Дилогия Василия Гроссмана (Солженицын) - страница 10

Сам Гроссман - помнит ли, каков он был в 1-м томе? Теперь? - теперь он берётся упрекнуть Твардовского: "чем объяснить, что поэт, крестьянин от рождения, пишет с искренним чувством поэму, воспевающую кровавую пору страданий крестьянства"?
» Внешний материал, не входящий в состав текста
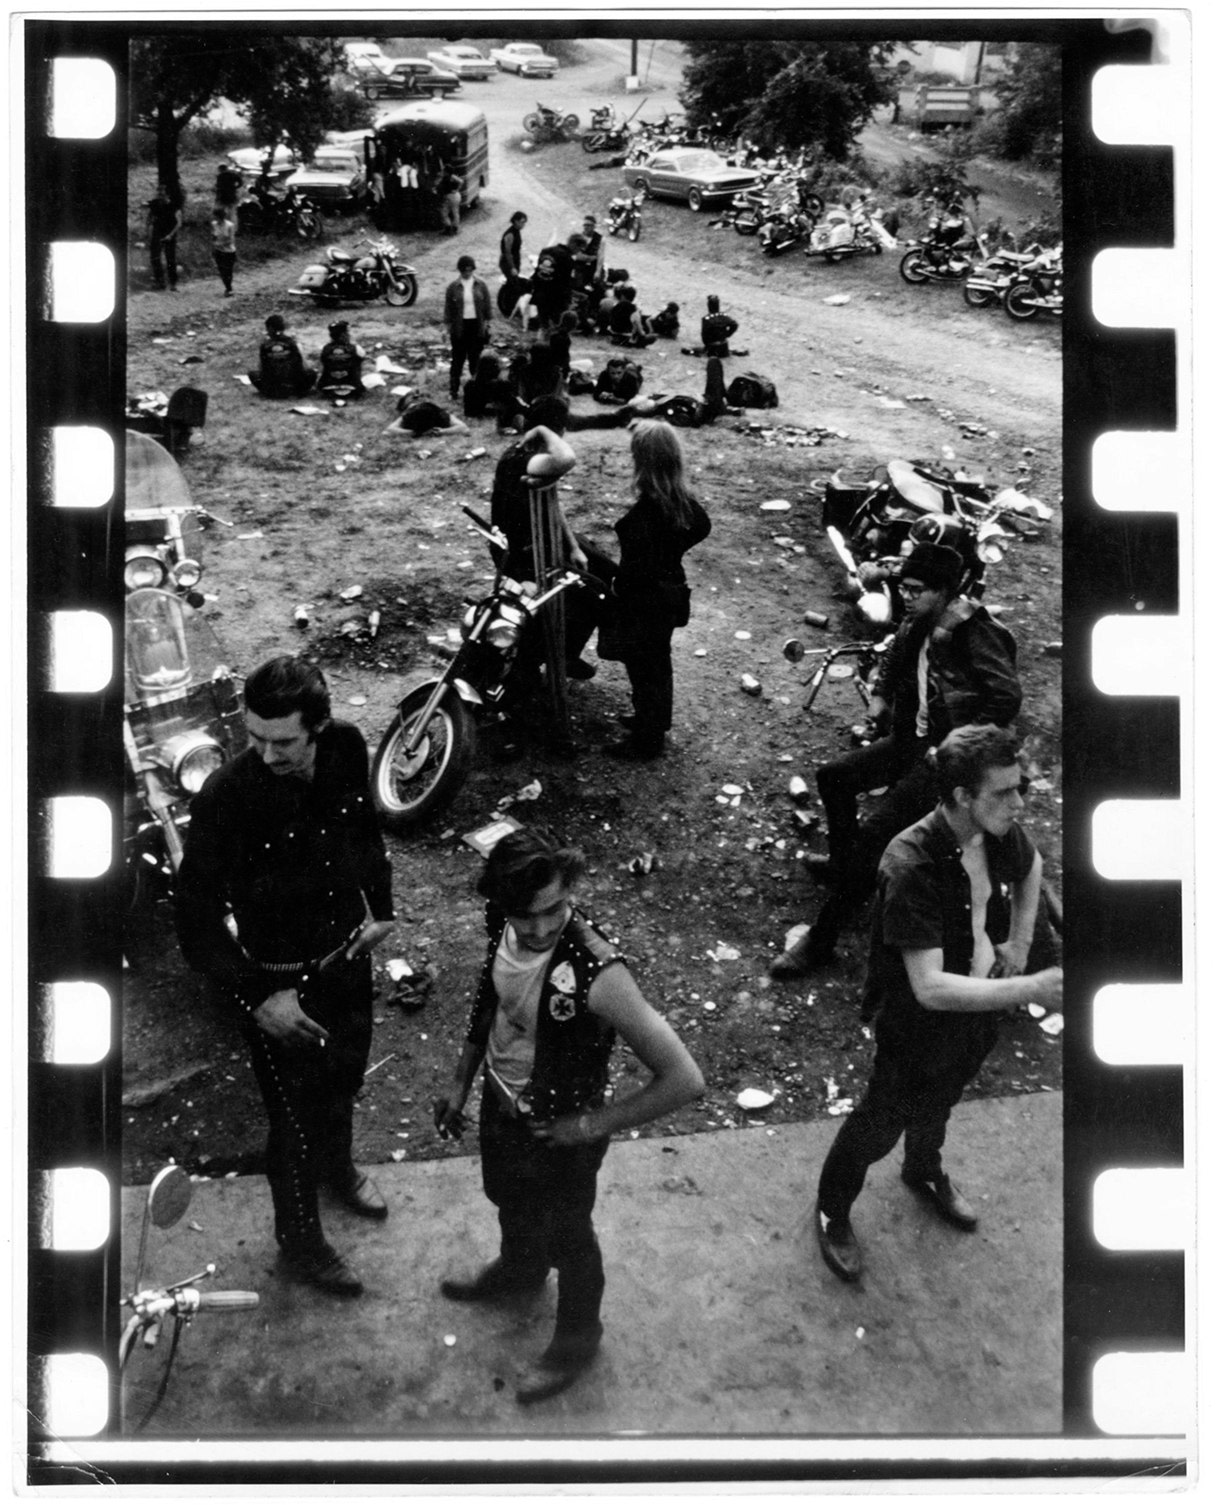 Copyright Danny Lyon / Magnum Photos, Dayton, Ohio, from The Bikeriders, 1966

И собственно русская тема сравнительно с 1-м томом - во 2-м ещё отодвинута. Под конец книги благожелательно отмечено, что "девушки-сезонницы, работницы в тяжёлых цехах" - и в пыли, и в грязи "сохраняют сильную упрямую красоту, с которой тяжёлая жизнь ничего не может поделать". Так же к финалу отнесен возврат с фронта майора Берёзкина - ну, и русский развёрнутый пейзаж. Вот, пожалуй, и всё; остальное - иного знака. Завистник Штрума по институту, обнимая другого такого же: "А всё же самое главное, что мы с вами русские люди". Единственную весьма верную реплику о приниженности русских в собственной стране, что "во имя дружбы народов всегда мы жертвуем русскими людьми", Гроссман вставляет лукавому и хамоватому партийному бонзе Гетманову - из того нового (послекоминтерновского) поколения партийных выдвиженцев, кто "любили в себе своё русское нутро и по-русски говорили неправильно", сила их "в хитрости". (Как будто у интернационального поколения коммунистов хитрости было меньше, ой-ой!)
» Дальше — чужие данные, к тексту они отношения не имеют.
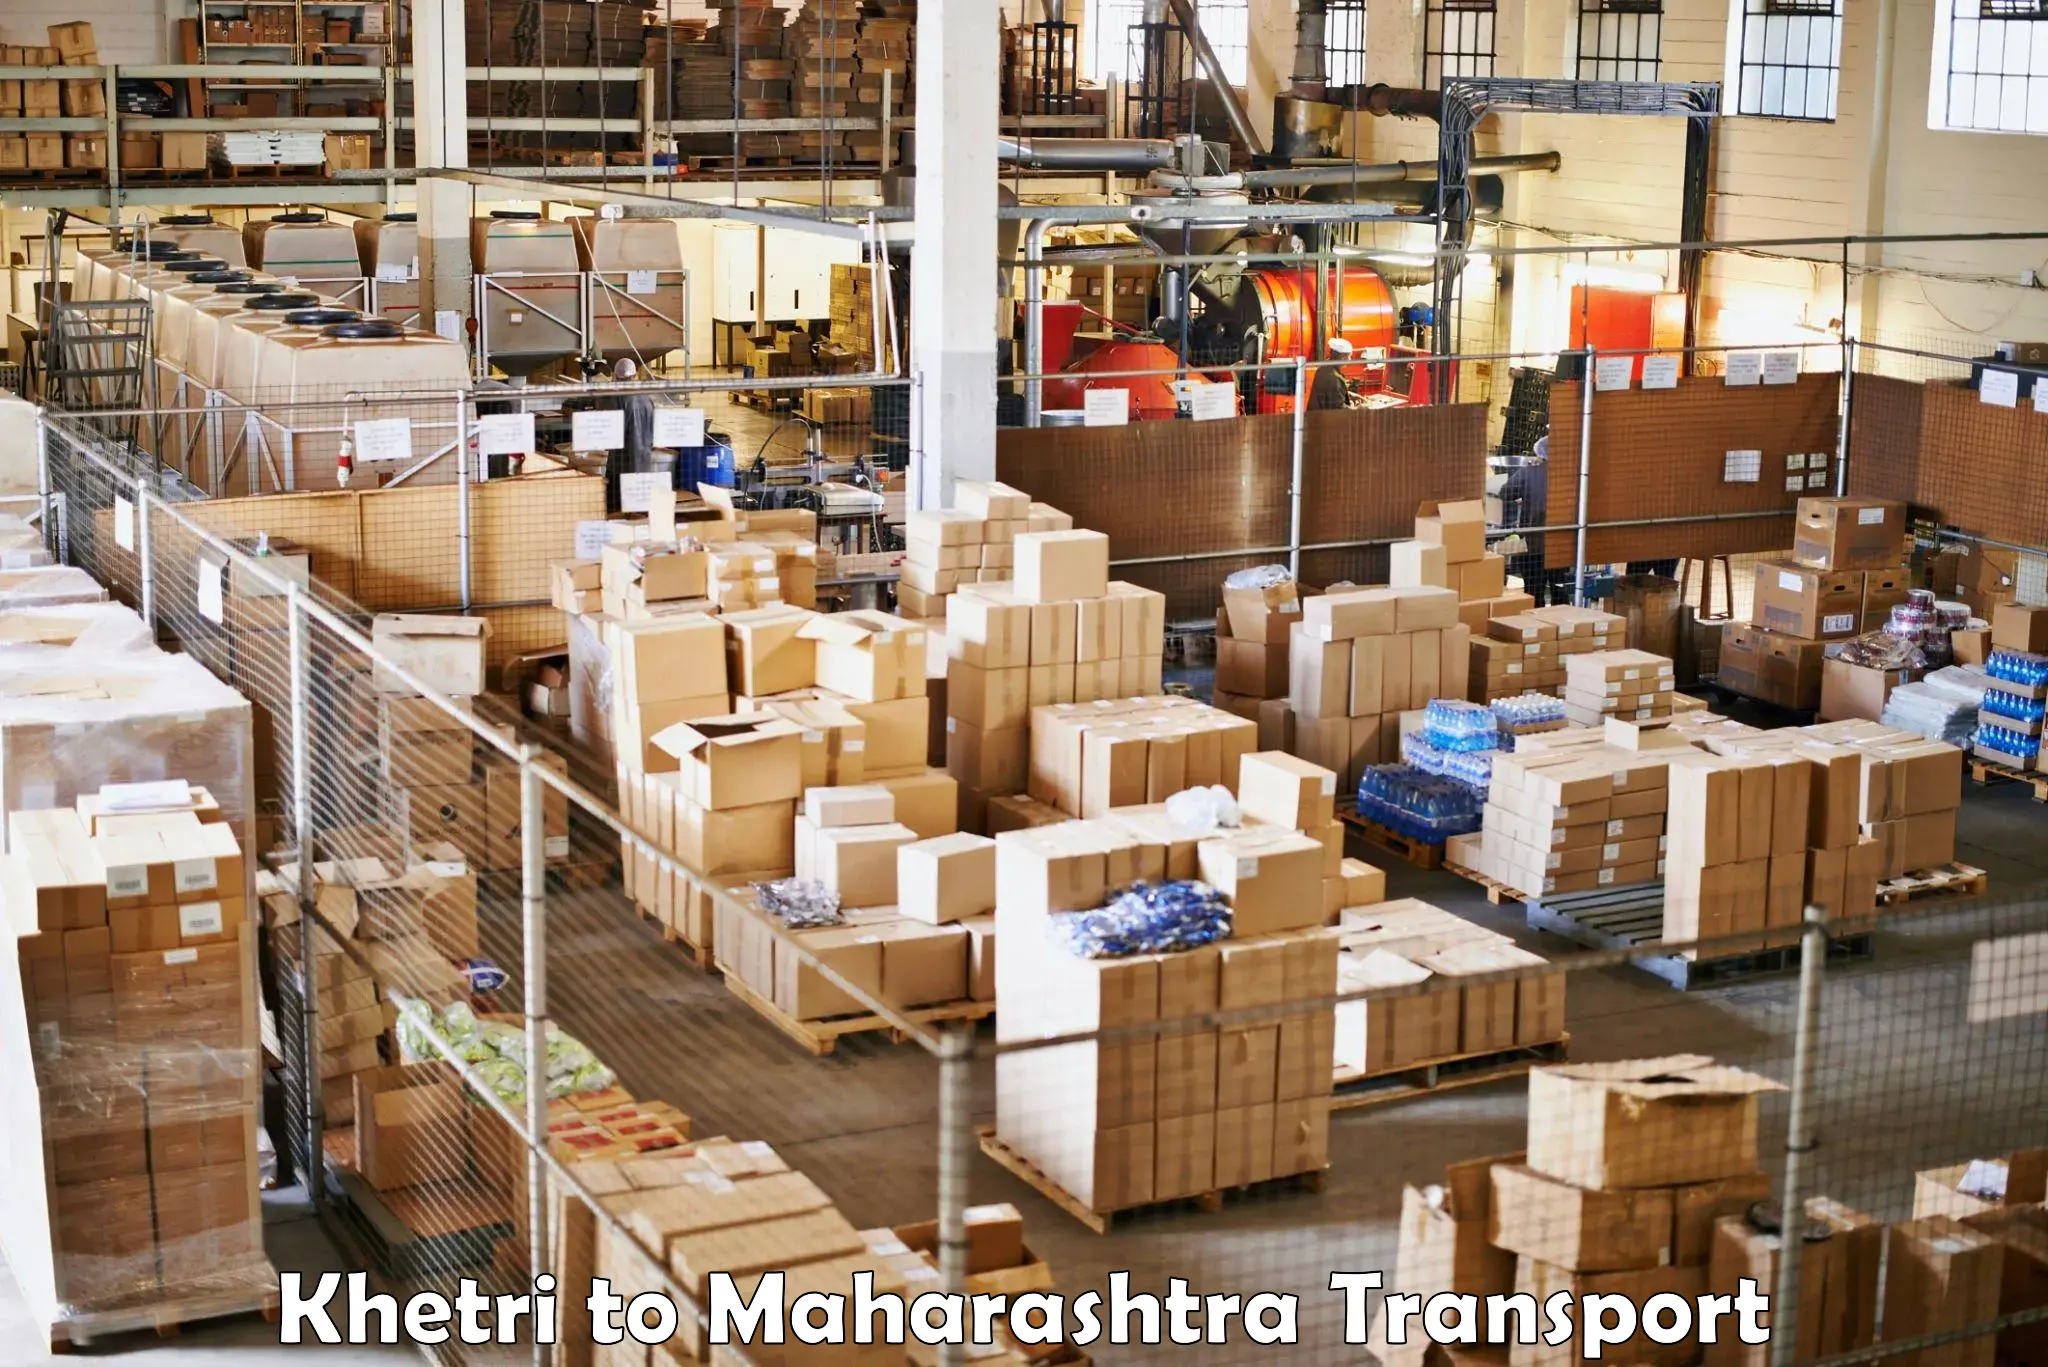 Truck transport companies in India Khetri to Mumbai University

С какого-то (позднего) момента Гроссман - да не он же один! - вывел для себя моральную тождественность немецкого национал-социализма и советского коммунизма. И честно стремится дать новообретенный вывод как один из высших в своей книге. Но вынужден для того замаскироваться (впрочем, для советской публичности всё равно крайняя смелость): изложить эту тождественность в придуманном ночном разговоре оберштурмбаннфюрера Лисса с арестантом коминтерновцем Мостовским: "Мы смотрим в зеркало. Разве вы не узнаёте себя, свою волю в нас?" Вот, вас "победим, останемся без вас, одни против чужого мира", "наша победа - это ваша победа". И заставляет Мостовского ужаснуться: неужели в этой "полной змеиного яда" речи содержится какая-то правда? Но нет, конечно (для безопасности самого автора?): "наваждение длилось несколько секунд", "мысль обратилась в пыль".
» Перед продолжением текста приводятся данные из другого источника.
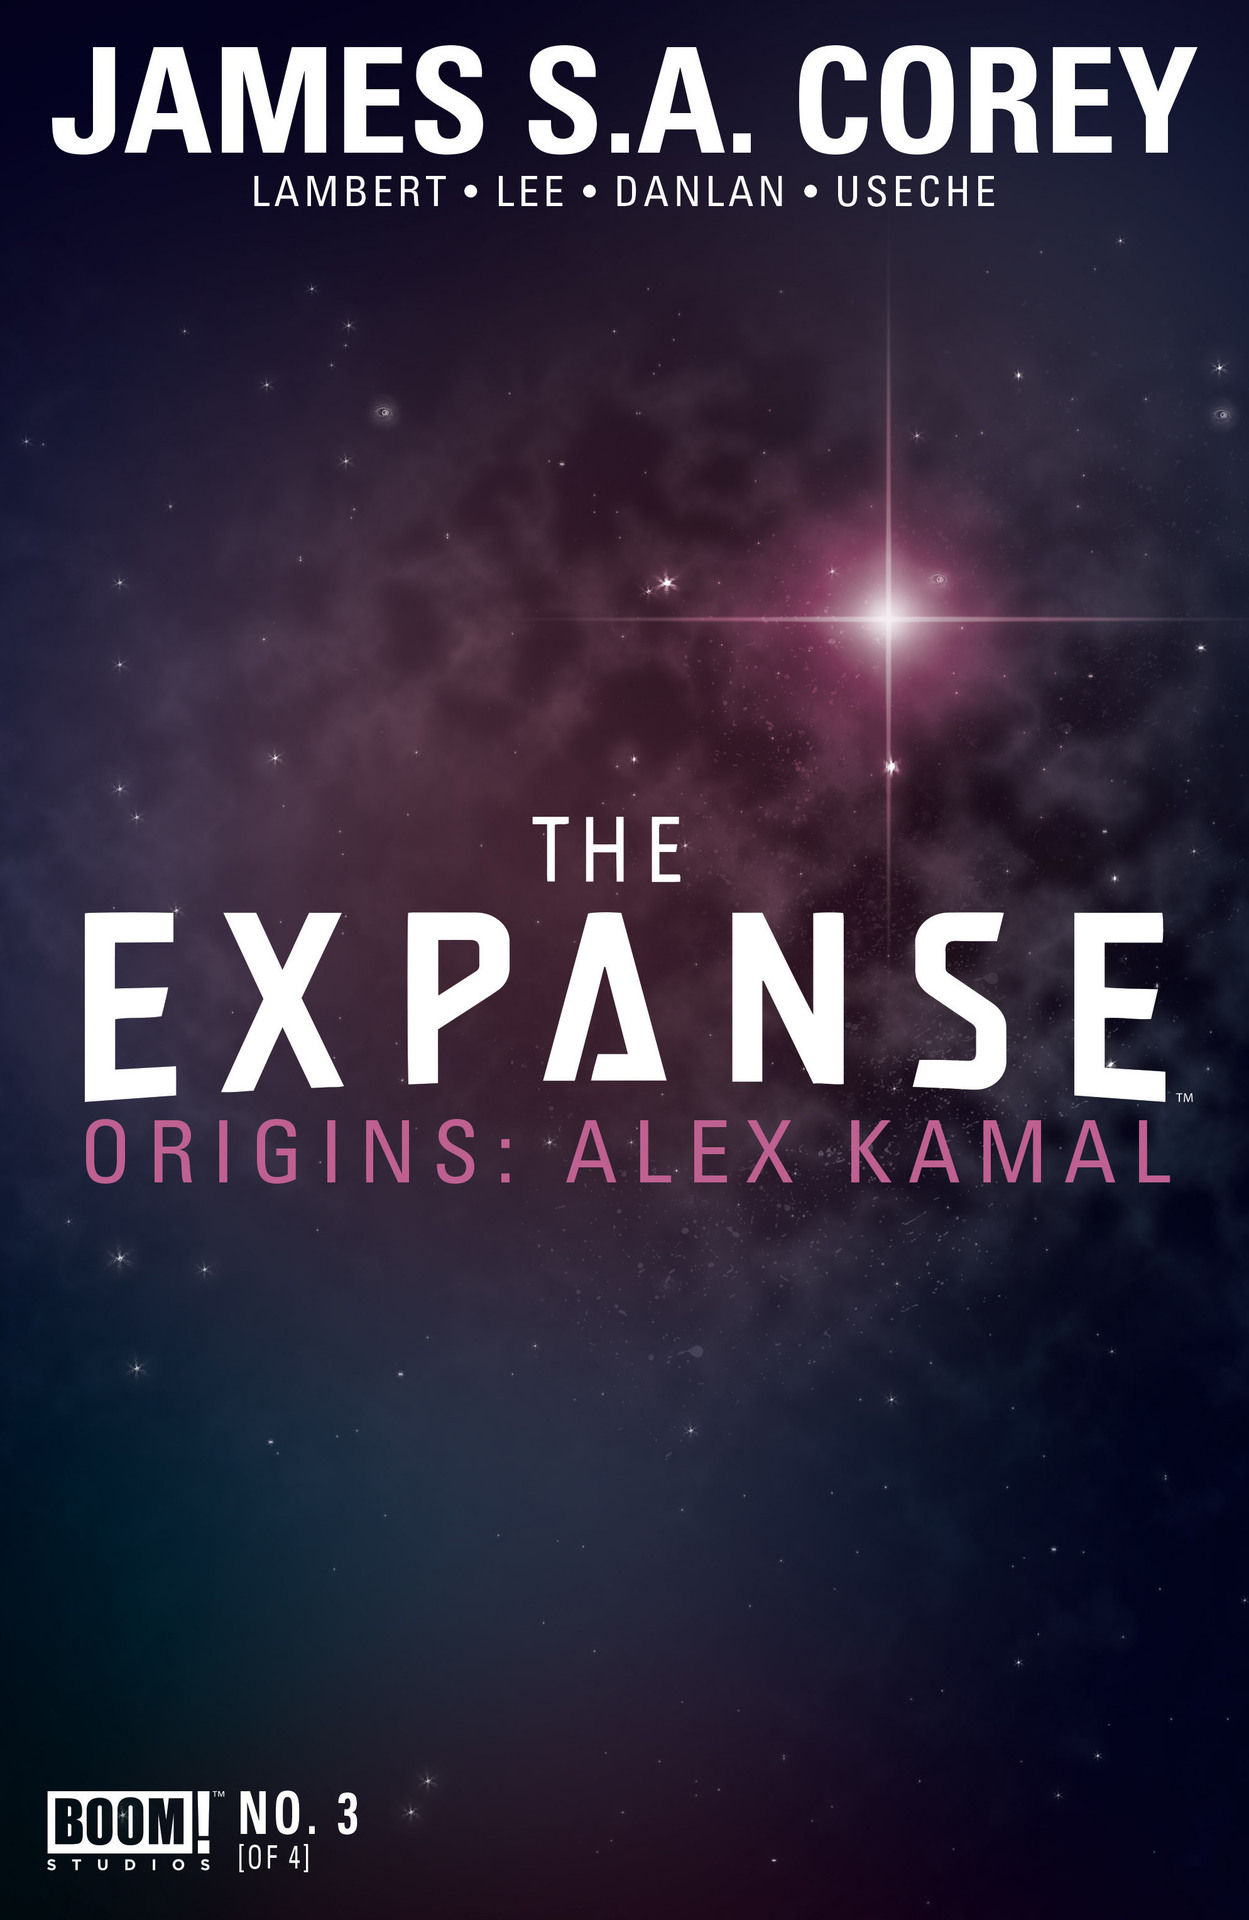 The Expanse Origins #3: Alex Kamal

А в какой-то момент Гроссман и от себя прямо называет берлинское восстание 1953 и венгерское 1956, однако не сами по себе, а в ряду с варшавским гетто и Треблинкой и лишь как материал для теоретического вывода о стремлении человека к свободе. А дальше это стремление всё прорывается: вот и Штрум в 1942, правда в частном разговоре с доверенным академиком Чепыжиным, - но прямо подковыривает Сталина (III-25): "вот Хозяин всё крепил дружбу с немцами". Да Штрум, оказывается, мы и предположить того не могли, - уже годами с негодованием следит за чрезмерными славословиями Сталину. Так он давно всё понимает? нам это прежде не было сообщено. Вот и политически запачканный Даренский, публично заступаясь за пленного немца, кричит полковнику при солдатах: "мерзавец" (очень неправдоподобно). Четверо мало сознакомленных интеллигентов в тылу, в Казани, в 1942 же - пространно обсуждают расправы 1937 года, называя знаменитые заклятые имена (I-64). И ещё не раз обобщённо - обо всей затерроренной атмосфере 1937 (III-5, II-26). И даже бабушка Шапошникова, политически совершенно нейтральная весь 1-й том, занятая только работой и семьёй, теперь вспоминает и "традиции народовольческой семьи" своей, и 1937, и коллективизацию, и даже голод 1921. Тем безогляднее и внучка её, ещё школьница, ведёт политические разговоры со своим ухажёром-лейтенантом и даже напевает магаданскую песню зэков. Теперь встретим и упоминание о голоде 1932-33.